# [Directions for this task]
Using the records below, filter out every line that lacks "Free" and copy the rest.

^^^^^^^^^^^^^^^^

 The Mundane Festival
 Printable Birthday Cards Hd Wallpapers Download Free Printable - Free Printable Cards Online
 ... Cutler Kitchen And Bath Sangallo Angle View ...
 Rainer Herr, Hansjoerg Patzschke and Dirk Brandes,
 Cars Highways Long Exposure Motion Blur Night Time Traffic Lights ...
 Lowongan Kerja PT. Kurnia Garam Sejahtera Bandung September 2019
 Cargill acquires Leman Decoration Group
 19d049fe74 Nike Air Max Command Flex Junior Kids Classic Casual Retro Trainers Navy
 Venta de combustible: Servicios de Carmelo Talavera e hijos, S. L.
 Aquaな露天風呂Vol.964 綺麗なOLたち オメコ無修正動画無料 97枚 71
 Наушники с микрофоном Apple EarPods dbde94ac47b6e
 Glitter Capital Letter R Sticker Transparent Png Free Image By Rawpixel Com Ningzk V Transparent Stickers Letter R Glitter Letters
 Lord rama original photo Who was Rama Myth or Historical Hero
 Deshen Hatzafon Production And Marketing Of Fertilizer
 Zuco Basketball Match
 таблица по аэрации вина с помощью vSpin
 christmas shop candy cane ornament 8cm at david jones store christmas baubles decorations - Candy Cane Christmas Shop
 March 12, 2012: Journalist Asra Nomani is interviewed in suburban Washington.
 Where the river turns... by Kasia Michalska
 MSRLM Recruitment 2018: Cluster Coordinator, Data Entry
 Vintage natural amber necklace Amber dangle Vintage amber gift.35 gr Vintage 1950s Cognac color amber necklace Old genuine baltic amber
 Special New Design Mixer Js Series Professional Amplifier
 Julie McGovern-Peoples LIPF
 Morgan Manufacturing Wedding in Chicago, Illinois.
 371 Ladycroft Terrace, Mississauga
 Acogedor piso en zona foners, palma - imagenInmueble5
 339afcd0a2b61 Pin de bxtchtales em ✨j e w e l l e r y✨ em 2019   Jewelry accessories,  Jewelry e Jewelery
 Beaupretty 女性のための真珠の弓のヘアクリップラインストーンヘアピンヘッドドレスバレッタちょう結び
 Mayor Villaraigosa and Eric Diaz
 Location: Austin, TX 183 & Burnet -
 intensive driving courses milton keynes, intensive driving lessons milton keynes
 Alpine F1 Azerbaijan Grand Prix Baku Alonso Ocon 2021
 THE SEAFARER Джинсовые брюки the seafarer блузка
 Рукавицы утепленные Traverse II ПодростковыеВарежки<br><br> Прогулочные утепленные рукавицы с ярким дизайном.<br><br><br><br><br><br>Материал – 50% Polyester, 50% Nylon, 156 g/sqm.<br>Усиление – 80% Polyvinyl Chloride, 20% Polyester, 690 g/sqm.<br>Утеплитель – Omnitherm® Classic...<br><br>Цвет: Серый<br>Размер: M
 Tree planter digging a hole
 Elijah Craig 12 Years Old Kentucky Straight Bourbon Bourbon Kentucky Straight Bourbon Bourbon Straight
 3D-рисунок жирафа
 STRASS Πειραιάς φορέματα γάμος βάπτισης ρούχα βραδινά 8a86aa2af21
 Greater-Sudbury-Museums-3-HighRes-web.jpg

^^^^^^^^^^^^^^^^

# [Result of this exercise]
 Printable Birthday Cards Hd Wallpapers Download Free Printable - Free Printable Cards Online
 Glitter Capital Letter R Sticker Transparent Png Free Image By Rawpixel Com Ningzk V Transparent Stickers Letter R Glitter Letters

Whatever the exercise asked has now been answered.